セバスちゃん?

 カトリックの洗礼を受ける時には、洗礼名として聖人の名前をつけることになっています。カトリックの家庭に生まれると、誕生の数週間から数か月後に洗礼を受けるのが一般的です。これを「幼児洗礼」といいます。両親の信仰を受け継いでほしいという思いが込められています。2000年前の初期教会では、キリスト教徒であるということが分かると逮捕されたり処刑される危険性がありましたから、大人になって自らの意志で洗礼を受けることが普通でした。しかし4世紀になり、キリスト教が公に認められローマ帝国の国教になると、逆にキリスト教徒であることが生きて行く上で都合が良い社会となりました。もちろん純粋に信仰を守りたいと思った人もいましたが、ローマ市民の中には信仰とは別の理由で洗礼を受ける人も出てきました。
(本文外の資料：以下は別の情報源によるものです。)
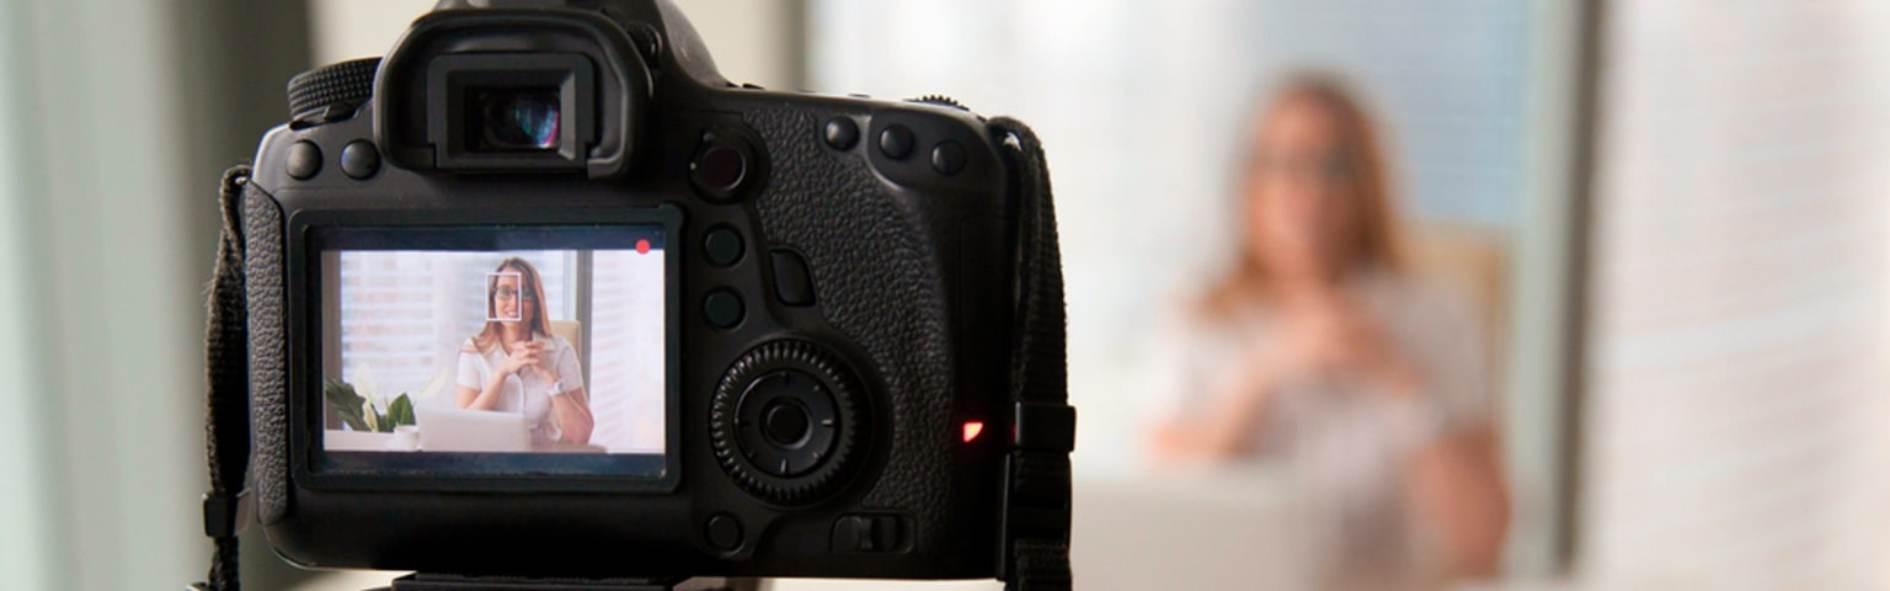 Conoce el videomarketing y los motivos por lo que debes implementarlo en tu negocio

幼児の死亡率も高い時代でしたから、生まれるとなるべく早く洗礼を授けるという習慣が生まれたのもこの頃です。私の故郷にある教会の洗礼台帳には私が生まれて一週間ほどで洗礼を受けたこと、洗礼名はヨゼフ、代父(信仰上の父で洗礼を受ける時の保証人)を務めてくれた方の洗礼名を受け継いだことが記されています。今日の1月20日は聖セバスチアーノ殉教者の記念日です。私の亡くなった父の洗礼名でした。100年以上前の長崎の神父様は、洗礼台帳に聖セバスチャンと記し、父にも「お前の洗礼名はセバスチャンだぞ」と教えてくれました。日本ではそれほど馴染みのある聖人ではありません。父は名前だけを憶え、どの様な聖人だったかはほとんど知りませんでした。そんな父から時々聞いた聖人名を、幼い私は「セバスちゃん」と言うかわいい男の子だと勝手に思い込んでいました。父が亡くなる時、聖セバスチアーノ殉教者のことを調べてびっくり、何十本もの矢で貫かれた殉教者の絵ばかりでした。初期のキリスト教会で、信仰を守るために自らの命を捧げた「セバスちゃん」に祈りを捧げます。

2017年1月20日(金)聖ヨゼフ学園中学・高等学校 校長 清水勝幸

ジョルジュ・ド・ラ・トゥールの「聖イレーヌに解放される聖セバスチアーノ」等多くの絵があります。興味ある人は図書館で知らべてみましょう。